In this sample we show how to use model trained on Multimodal Brain Tumor Segmentation Challenge 2019 (BraTS 2019) dataset. See here for more details about this dataset.

This sample can be used to evaluate both performance and accuracy of the model. For performance mode sample uses dummy data. Set DUMMY environment variable to yes to enable it. For dummy mode, dataset is not necessary, and its download and setup may be skipped.

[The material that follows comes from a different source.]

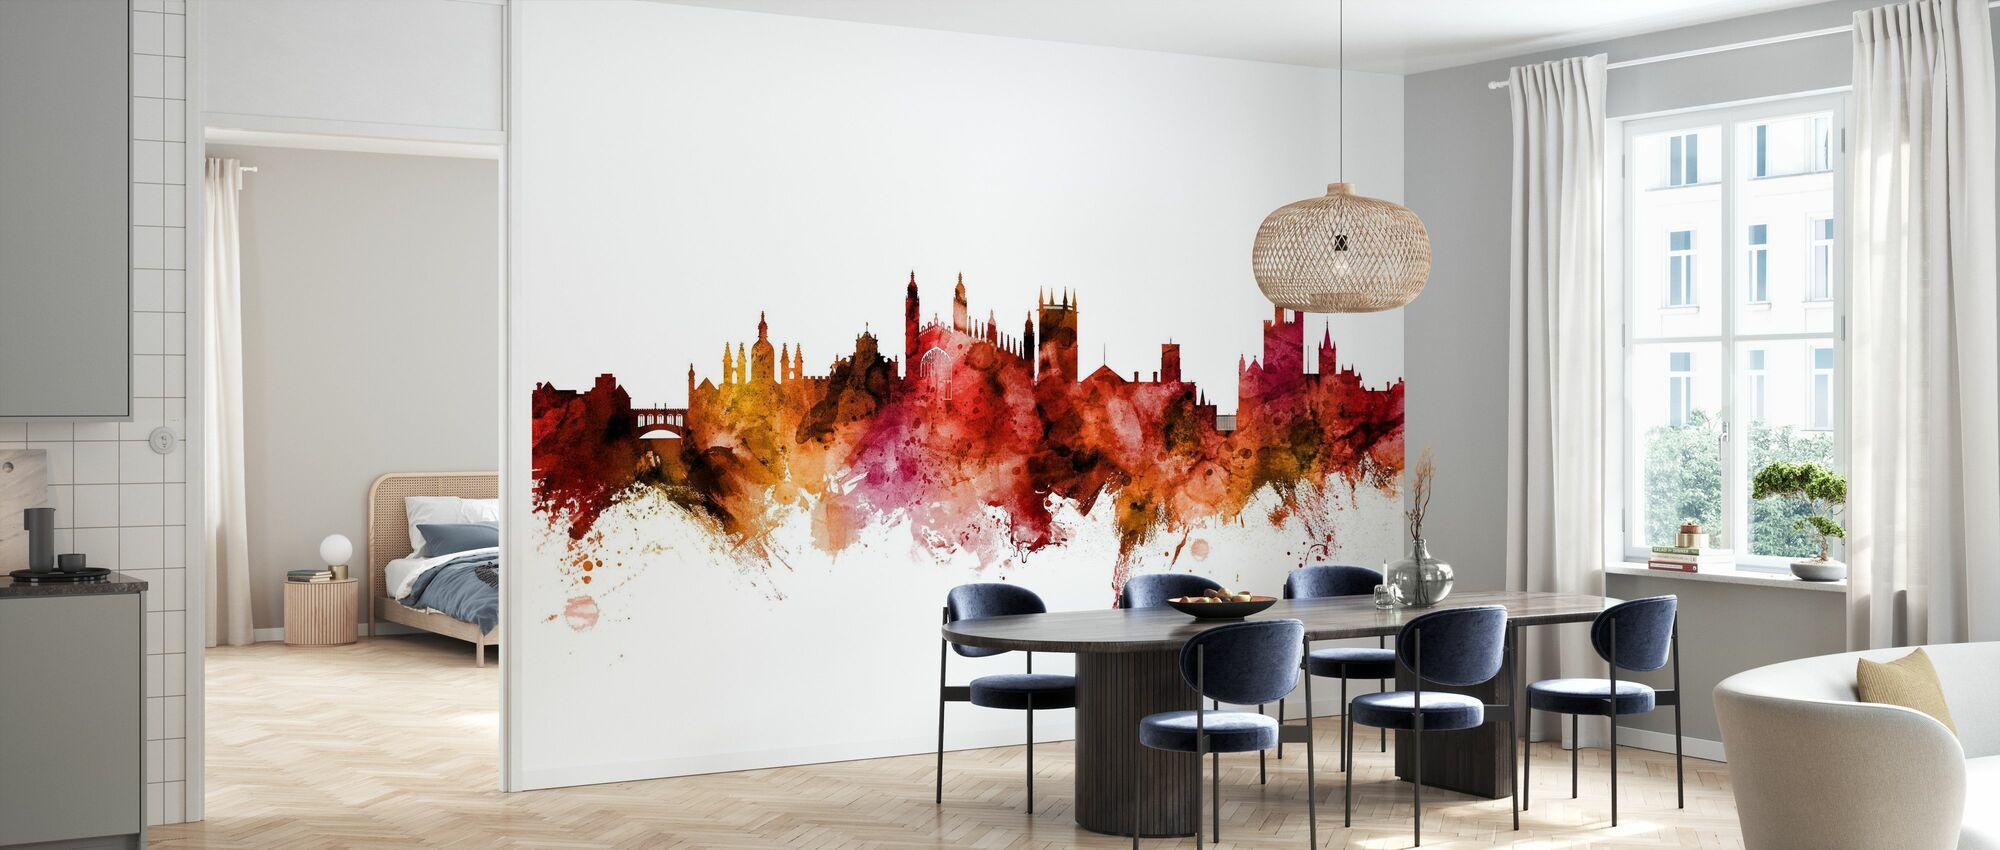 Cambridge England Skyline - Wallpaper - Kitchen

For accuracy evaluation, set DUMMY environment variable to no. For this mode, BraTS 2019 dataset should be downloaded. To do so, go to https://www.med.upenn.edu/cbica/brats-2019/, create account, request access to dataset, download MICCAI_BraTS_2019_Data_Training.zip file, unzip it and map folder to /dataset one inside the docker. See command line example below. Inference script will use this dataset to prepare data for accuracy check and store intermediate, aka preprocessed data in the same folder.

If automatic preprocessing is not possible, for example due to insufficient permissions during inference run, then it can be done manually. To run preprocessing manually perform all steps described in the "Run the model under container" or "Run the model on baremetal" sections of this readme but instead of running ./run_model.sh run ./preprocess.sh. It should take about one minute to finish preprocessing and after that inference script can be run with only read permissions for dataset folder.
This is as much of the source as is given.